Wikimedia’s complaint about NSA espionage dismissed for lack of evidence
The Maryland County Court in the United States has dismissed a Wikimedia case about espionage. The foundation questioned the constitutionality of the NSA’s mass surveillance of Americans, but did not have enough evidence to support it.
The ruling is almost the same as a decision in 2013 in a similar case. The intention to file a case against the National Security Agency and the Department of Justice was announced by the Wikimedia Foundation in March this year. The NSA and DoJ allegedly violated the First and Fourth Amendments to the US Constitution. They would do this with upstream surveillance in which the NSA collects data on the Internet from users who communicate with ‘non-US persons’ from the US.
Eight other ideological organizations rallied behind the case, being represented by the ACLU, a US civil rights movement. The precedent for rejecting the trial was already set in 2013, when Amnesty International, among others, tried to sue the NSA. The US Supreme Court dismissed the case as too speculative because it could not prove that the organizations had been spied on.

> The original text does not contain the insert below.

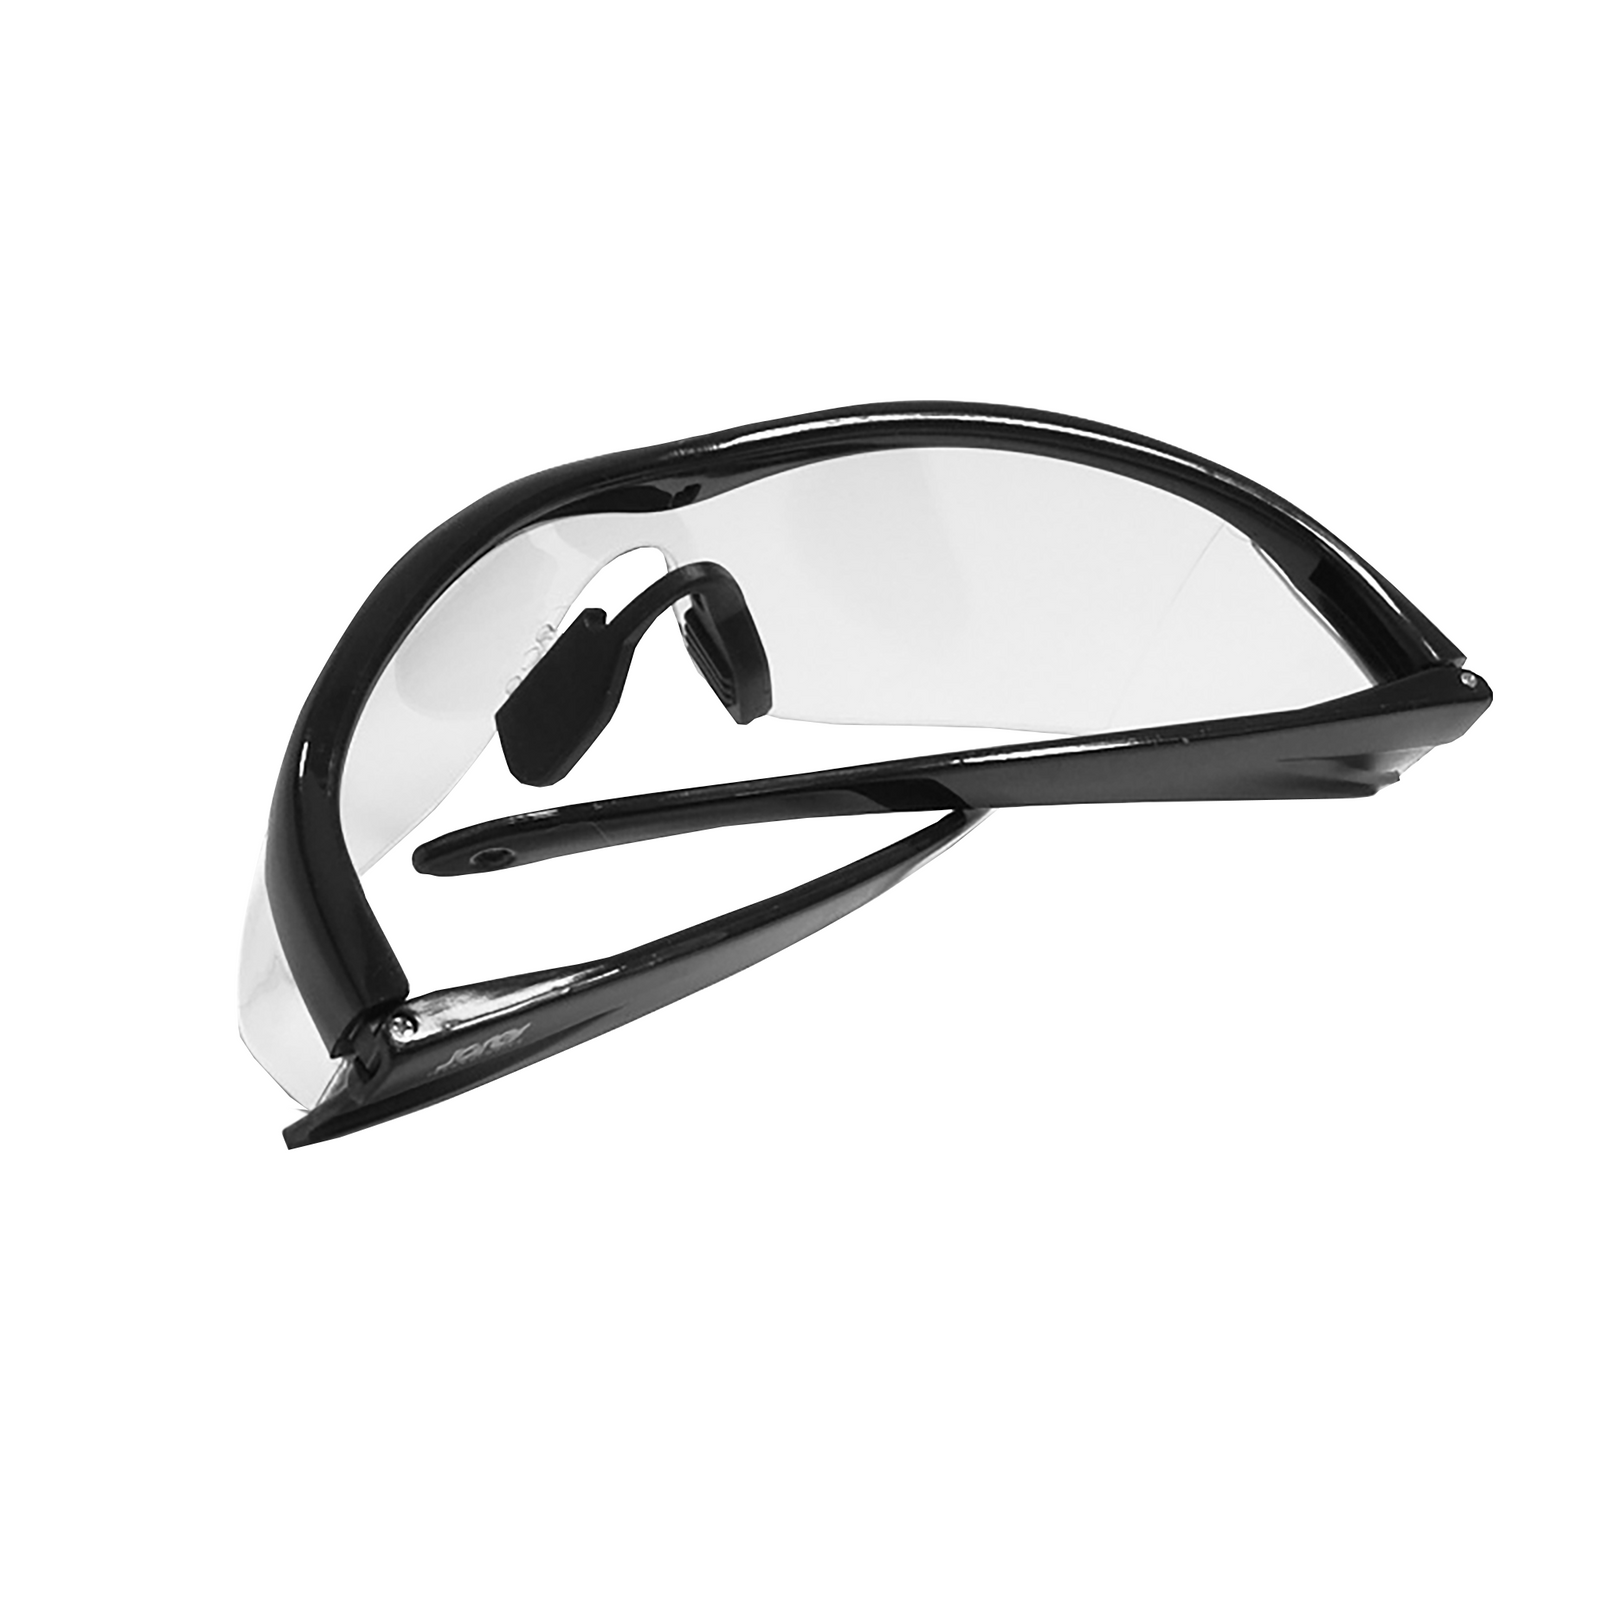 Back view of a modern design framed JORESTECH polycarbonate safety clear glasses with side shields for high impact protection with the temples folded
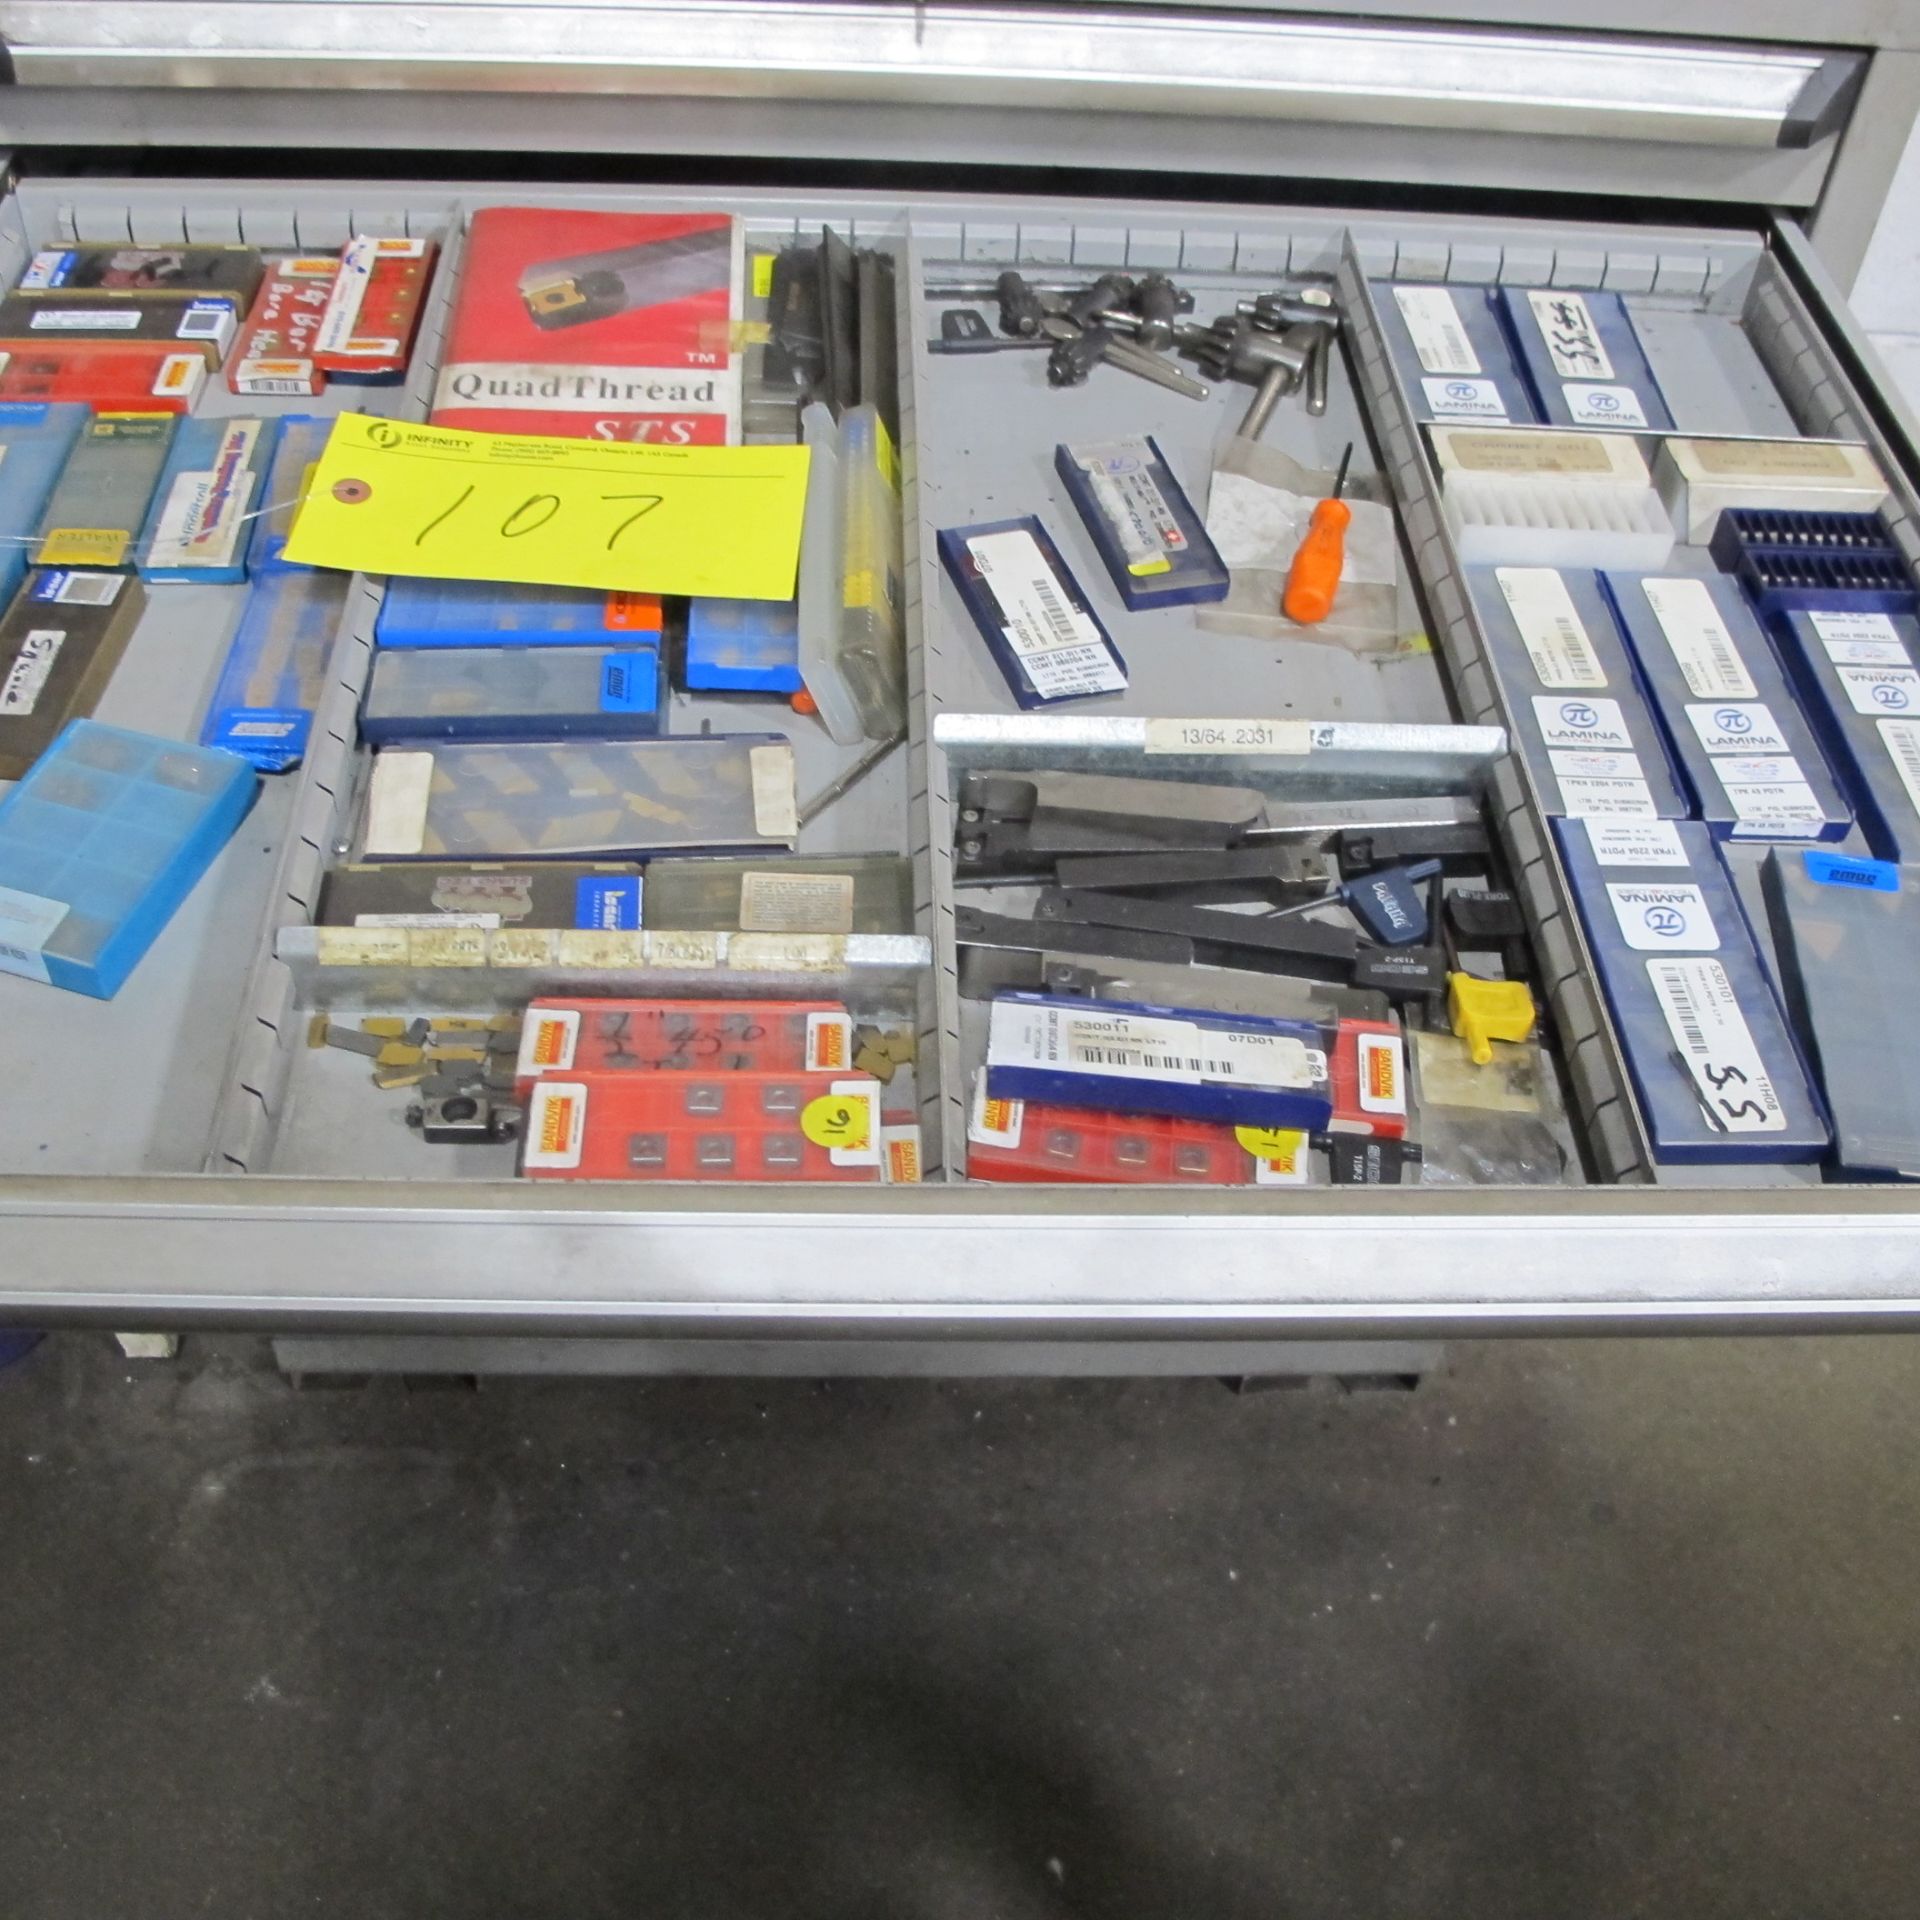 CONTENTS OF 1 DRAWER OF ROUSSEAU CABINET (CARBIDE CUTTING BIT KITS, ETC)

The charge in this Wikimedia vs. NSA case has to do with the fact that upstream surveillance, according to the US government, would be justified by the FISA amendment of 2008. The surveillance system relies on collaboration with companies that provide access to the backbone of the Internet. The NSA intercepts and copies private communications in bulk and searches the content for certain keywords associated with their targets by the NSA. The targets are not approved by a court of law or other regulatory body.
Amnesty argued that the NSA monitors employee work and communications because staff members frequently exchange information with non-Americans, such as emails with activists abroad. The aforementioned 2008 case was dismissed in February 2013 because it could not be proven that the prosecutors had been spied on. Edward Snowden is said to have said that this statement was one of the reasons for leaking the NSA information.